The pressure is to force them to renew the contract if they ever want to get paid or/and go home.

Coupled with history of crowbar collecting and the coercion and the pressure to dive routinely to death defying depths in search of ventralis anthias one may well conclude that there is indeed "something rotten in Tonga."

I have as roomates here in Papua New Guinea [ training team ] and their stories about the insensitivity of exporters could fill volumes.
It must be on account that only people with connections to the "royal elite" can get export permits and this weeds out normal people.
Perhaps it promotes more selfish, self important and opportunistic types. Killing divers is bad enough but continuing the same coercion that did that in the first place is shocking.
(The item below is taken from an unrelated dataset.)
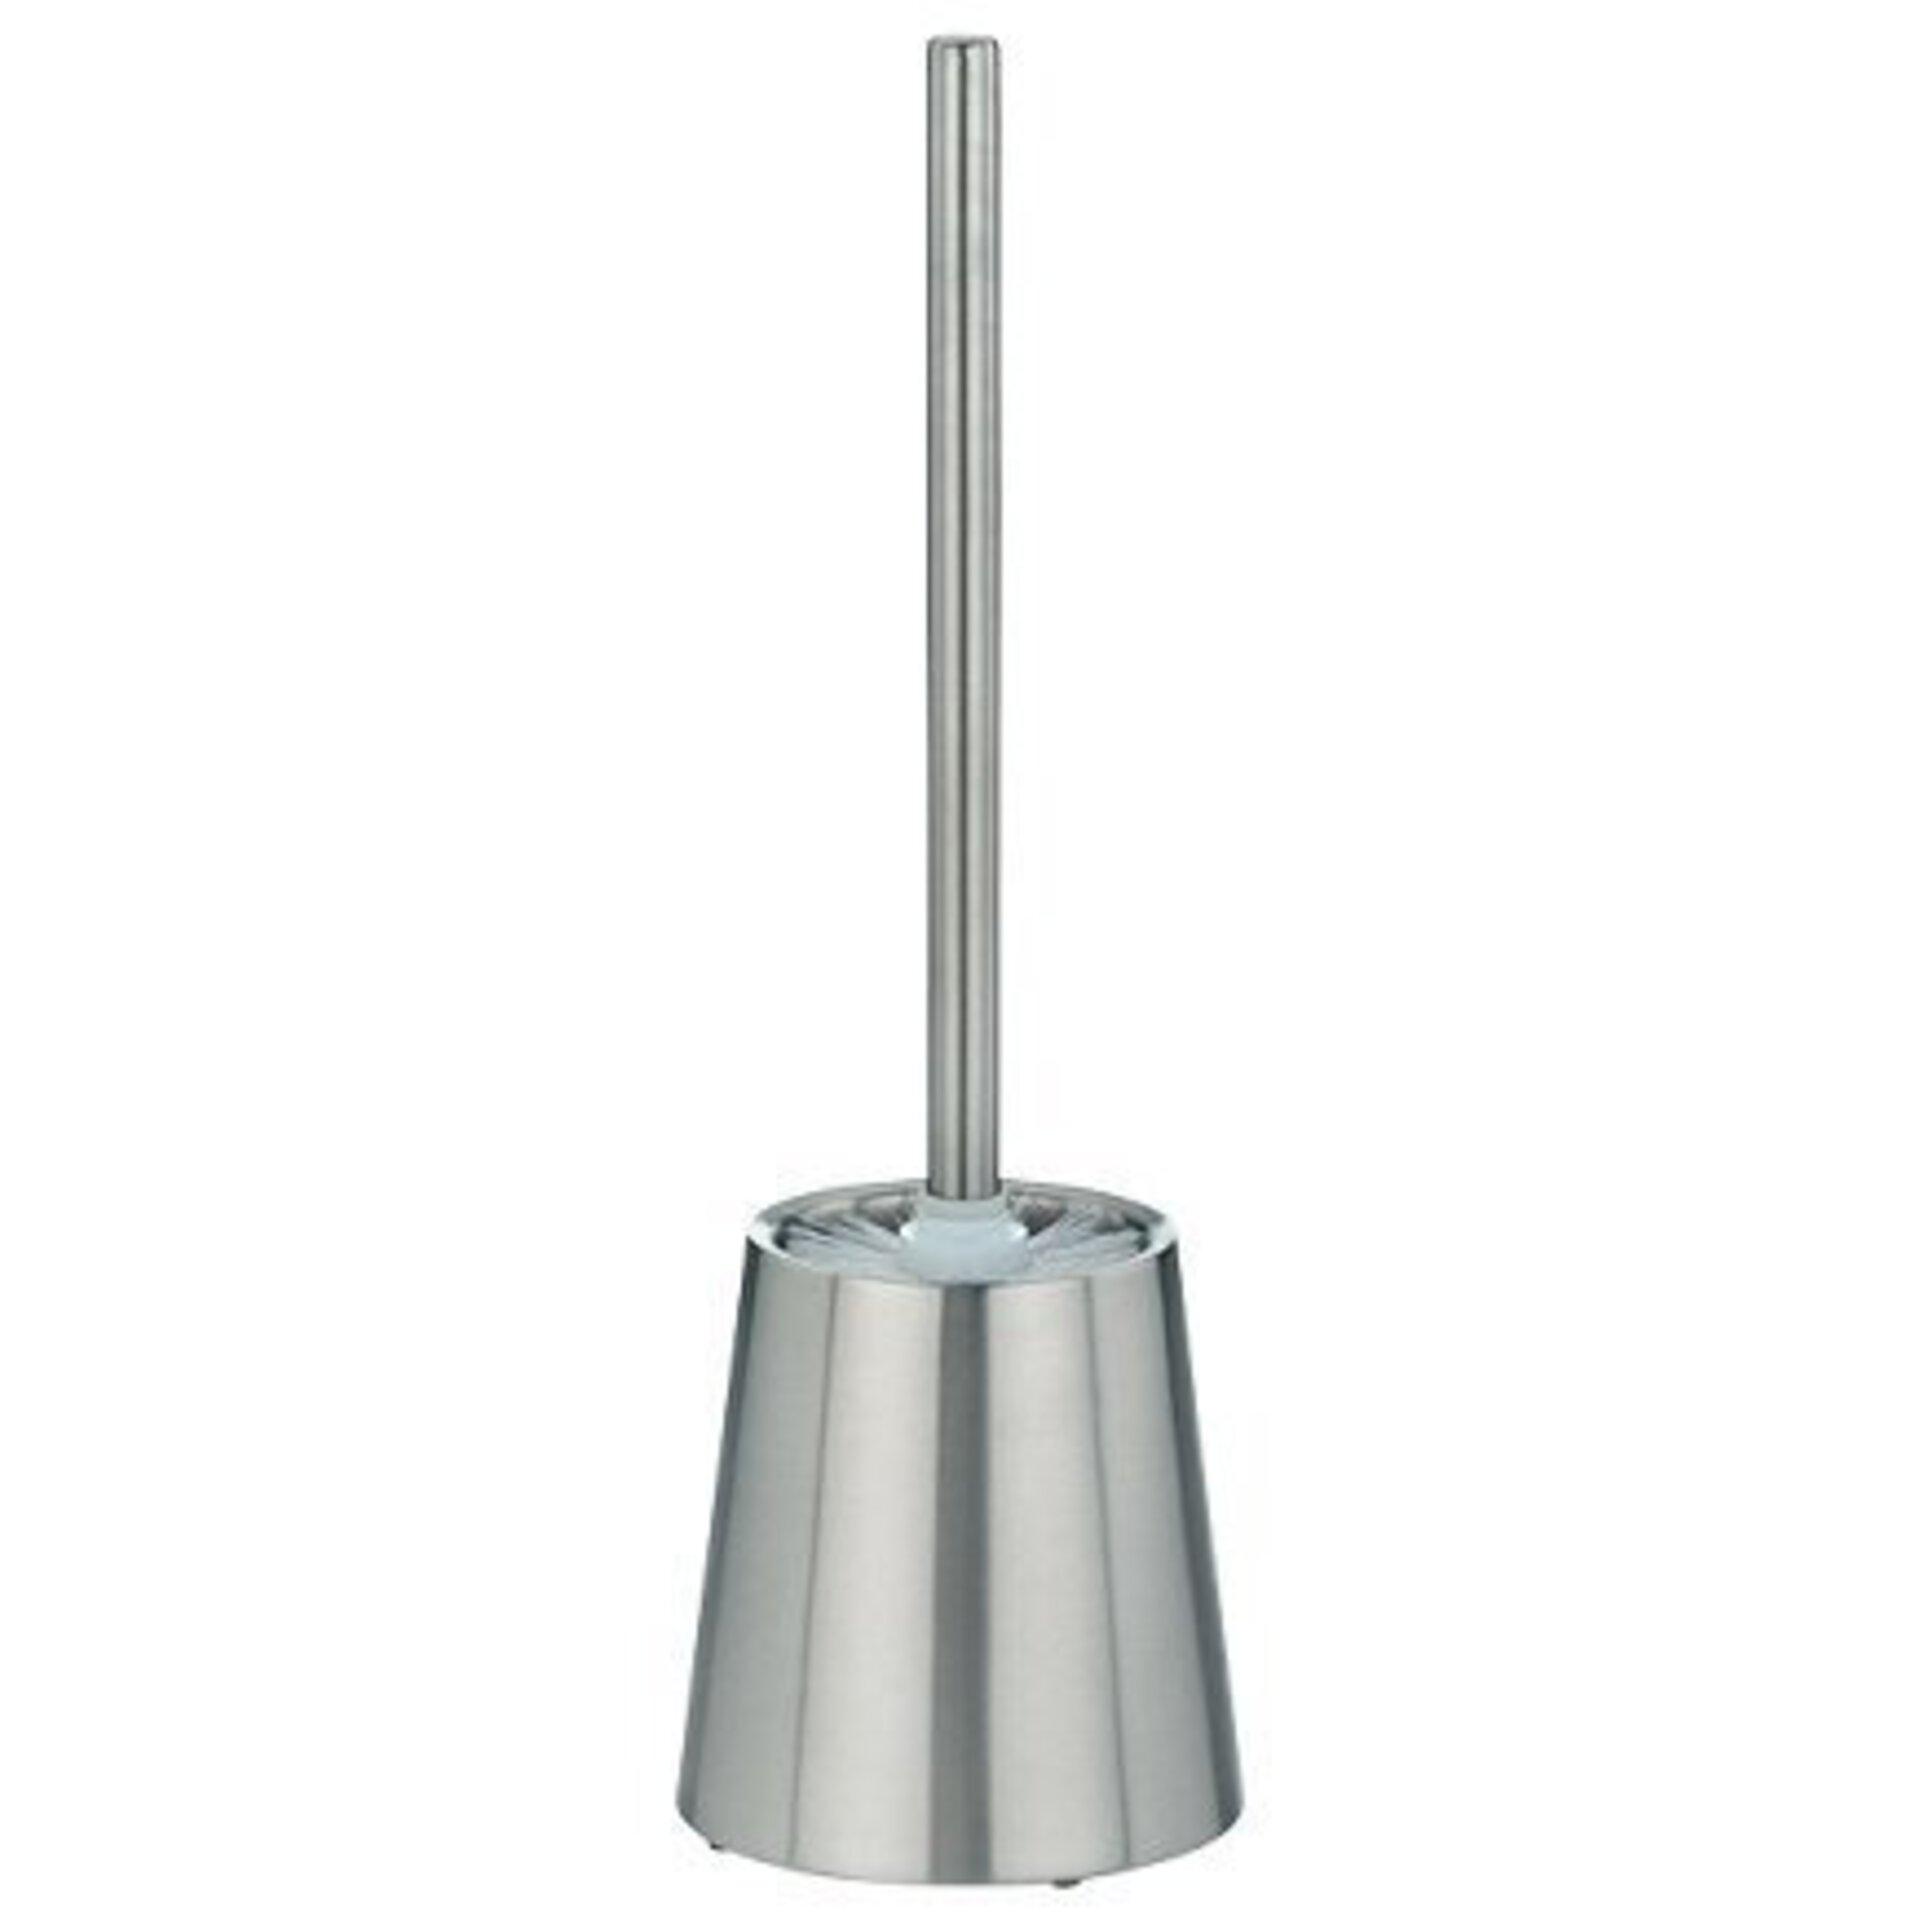 WC-Bürste Simply Kela Metall 39 x

I will bring two of the guys to Papua New Guinea to serve as trainers but need a new gig collecting for several others. This may shut down all but the easy Tongan exports for awhile but so be it. They cannot be allowed to abuse Filipino divers like this any longer and need to be held acountable.
Since the Tongan people suffer from a rather corrupt government, the police, the immigration and the authorities side with the exporters in all matters automatically and stranded Filipinos have no
recourse.
So, Marshall Islands, Ghana, Tahiti....who needs some super net collectors who were trained for better purposes and for better, more humane business people?
Send me a pm and I can set em up. Meanwhile, all the Filipinos that were trained to travel and collect with nets abroad will spread the word and avoid Tonga. Or....insist on a contract that has built-in safe guards and an open ticket home held by the diver and not locked up by the exporter.

Sincerely,
Steve

PS. Several have been in Tonga for two years and they miss their families and want to go home.


cortez marine
Posted: 02 Jun 2008 01:10
Post subject: deep diver added to train in PNG
We are going to give sanctuary....and add another Filipino diver to the training team as he needs to escape from the mandatory deepwater diving that Tongan and Vanuatuan exporters demand of him...and others.

The divers in Tonga and Vanuatu do not want to dive so deep in search of those damn ventralis now as they have already killed two divers this past year and threaten more every day.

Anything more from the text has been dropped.